*** Begin section ***

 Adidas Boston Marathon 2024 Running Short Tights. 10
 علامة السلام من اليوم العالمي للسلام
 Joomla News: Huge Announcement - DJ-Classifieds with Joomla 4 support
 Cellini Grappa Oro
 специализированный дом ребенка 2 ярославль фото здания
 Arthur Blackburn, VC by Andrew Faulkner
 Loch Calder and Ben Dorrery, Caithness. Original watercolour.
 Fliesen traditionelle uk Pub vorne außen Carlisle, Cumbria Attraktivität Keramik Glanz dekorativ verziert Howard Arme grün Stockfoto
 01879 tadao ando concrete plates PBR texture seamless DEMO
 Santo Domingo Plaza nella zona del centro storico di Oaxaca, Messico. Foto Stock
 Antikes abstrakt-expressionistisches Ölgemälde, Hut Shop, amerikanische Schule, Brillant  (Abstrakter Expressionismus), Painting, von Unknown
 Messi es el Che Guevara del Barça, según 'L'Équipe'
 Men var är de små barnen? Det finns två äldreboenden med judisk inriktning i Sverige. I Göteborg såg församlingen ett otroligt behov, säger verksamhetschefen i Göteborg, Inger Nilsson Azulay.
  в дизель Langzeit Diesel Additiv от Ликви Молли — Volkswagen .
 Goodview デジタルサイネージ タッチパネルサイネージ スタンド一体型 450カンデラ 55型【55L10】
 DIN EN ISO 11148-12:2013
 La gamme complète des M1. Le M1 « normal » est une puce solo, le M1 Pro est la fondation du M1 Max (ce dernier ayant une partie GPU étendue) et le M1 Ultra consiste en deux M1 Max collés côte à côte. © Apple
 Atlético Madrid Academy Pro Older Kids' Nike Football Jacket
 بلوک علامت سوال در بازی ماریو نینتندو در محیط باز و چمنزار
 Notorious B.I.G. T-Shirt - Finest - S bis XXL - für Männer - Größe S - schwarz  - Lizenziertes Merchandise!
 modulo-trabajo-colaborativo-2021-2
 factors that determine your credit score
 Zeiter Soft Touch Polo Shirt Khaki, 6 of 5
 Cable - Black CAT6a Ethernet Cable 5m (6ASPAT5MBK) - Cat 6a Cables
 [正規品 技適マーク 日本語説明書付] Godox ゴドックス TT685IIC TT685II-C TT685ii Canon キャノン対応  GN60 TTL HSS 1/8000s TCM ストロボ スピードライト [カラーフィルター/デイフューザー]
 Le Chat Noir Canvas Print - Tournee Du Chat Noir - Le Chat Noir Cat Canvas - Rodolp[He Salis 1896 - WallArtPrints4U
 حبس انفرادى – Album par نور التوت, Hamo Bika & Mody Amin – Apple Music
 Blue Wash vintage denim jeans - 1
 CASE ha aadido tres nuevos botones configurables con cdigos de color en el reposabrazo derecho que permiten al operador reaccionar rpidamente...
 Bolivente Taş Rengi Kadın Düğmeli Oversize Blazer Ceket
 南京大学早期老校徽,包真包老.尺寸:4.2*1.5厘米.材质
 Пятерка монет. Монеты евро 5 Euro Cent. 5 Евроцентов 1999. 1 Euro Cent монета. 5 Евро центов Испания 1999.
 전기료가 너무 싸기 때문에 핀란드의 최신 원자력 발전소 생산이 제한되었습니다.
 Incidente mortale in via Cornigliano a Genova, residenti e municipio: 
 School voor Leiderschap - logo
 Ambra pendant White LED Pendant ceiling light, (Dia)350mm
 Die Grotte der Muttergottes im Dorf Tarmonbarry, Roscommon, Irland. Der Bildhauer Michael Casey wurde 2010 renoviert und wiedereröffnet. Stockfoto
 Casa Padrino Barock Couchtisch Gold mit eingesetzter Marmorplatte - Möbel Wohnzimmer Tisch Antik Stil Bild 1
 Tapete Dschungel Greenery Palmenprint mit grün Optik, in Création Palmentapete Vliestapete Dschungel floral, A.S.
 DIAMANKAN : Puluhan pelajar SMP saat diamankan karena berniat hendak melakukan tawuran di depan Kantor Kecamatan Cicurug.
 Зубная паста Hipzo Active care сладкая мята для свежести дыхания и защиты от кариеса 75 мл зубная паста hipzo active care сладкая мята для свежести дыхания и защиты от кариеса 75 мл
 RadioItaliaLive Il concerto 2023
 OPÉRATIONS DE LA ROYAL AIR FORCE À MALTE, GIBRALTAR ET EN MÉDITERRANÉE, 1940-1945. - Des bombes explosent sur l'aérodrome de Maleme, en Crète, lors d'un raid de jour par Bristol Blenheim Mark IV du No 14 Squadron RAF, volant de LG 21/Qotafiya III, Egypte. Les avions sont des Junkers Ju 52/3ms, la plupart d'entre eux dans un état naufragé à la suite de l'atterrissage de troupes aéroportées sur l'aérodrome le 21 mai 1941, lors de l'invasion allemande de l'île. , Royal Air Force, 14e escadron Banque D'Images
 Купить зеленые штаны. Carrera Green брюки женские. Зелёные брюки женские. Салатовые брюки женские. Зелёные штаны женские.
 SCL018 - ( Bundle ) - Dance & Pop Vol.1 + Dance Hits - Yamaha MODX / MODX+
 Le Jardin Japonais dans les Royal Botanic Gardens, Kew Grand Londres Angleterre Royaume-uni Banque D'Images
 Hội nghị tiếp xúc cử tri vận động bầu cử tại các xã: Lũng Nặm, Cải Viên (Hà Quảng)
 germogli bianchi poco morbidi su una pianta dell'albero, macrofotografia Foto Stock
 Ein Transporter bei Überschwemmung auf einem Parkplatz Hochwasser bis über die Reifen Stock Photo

*** End section ***

* TO DO
In the listing above, find the line with "بلوک علامت سوال" and the line with "Blue Wash vintage denim jeans - 1", then reproduce both and every line between them exactly.

* TASK RESPONSE
 بلوک علامت سوال در بازی ماریو نینتندو در محیط باز و چمنزار
 Notorious B.I.G. T-Shirt - Finest - S bis XXL - für Männer - Größe S - schwarz  - Lizenziertes Merchandise!
 modulo-trabajo-colaborativo-2021-2
 factors that determine your credit score
 Zeiter Soft Touch Polo Shirt Khaki, 6 of 5
 Cable - Black CAT6a Ethernet Cable 5m (6ASPAT5MBK) - Cat 6a Cables
 [正規品 技適マーク 日本語説明書付] Godox ゴドックス TT685IIC TT685II-C TT685ii Canon キャノン対応  GN60 TTL HSS 1/8000s TCM ストロボ スピードライト [カラーフィルター/デイフューザー]
 Le Chat Noir Canvas Print - Tournee Du Chat Noir - Le Chat Noir Cat Canvas - Rodolp[He Salis 1896 - WallArtPrints4U
 حبس انفرادى – Album par نور التوت, Hamo Bika & Mody Amin – Apple Music
 Blue Wash vintage denim jeans - 1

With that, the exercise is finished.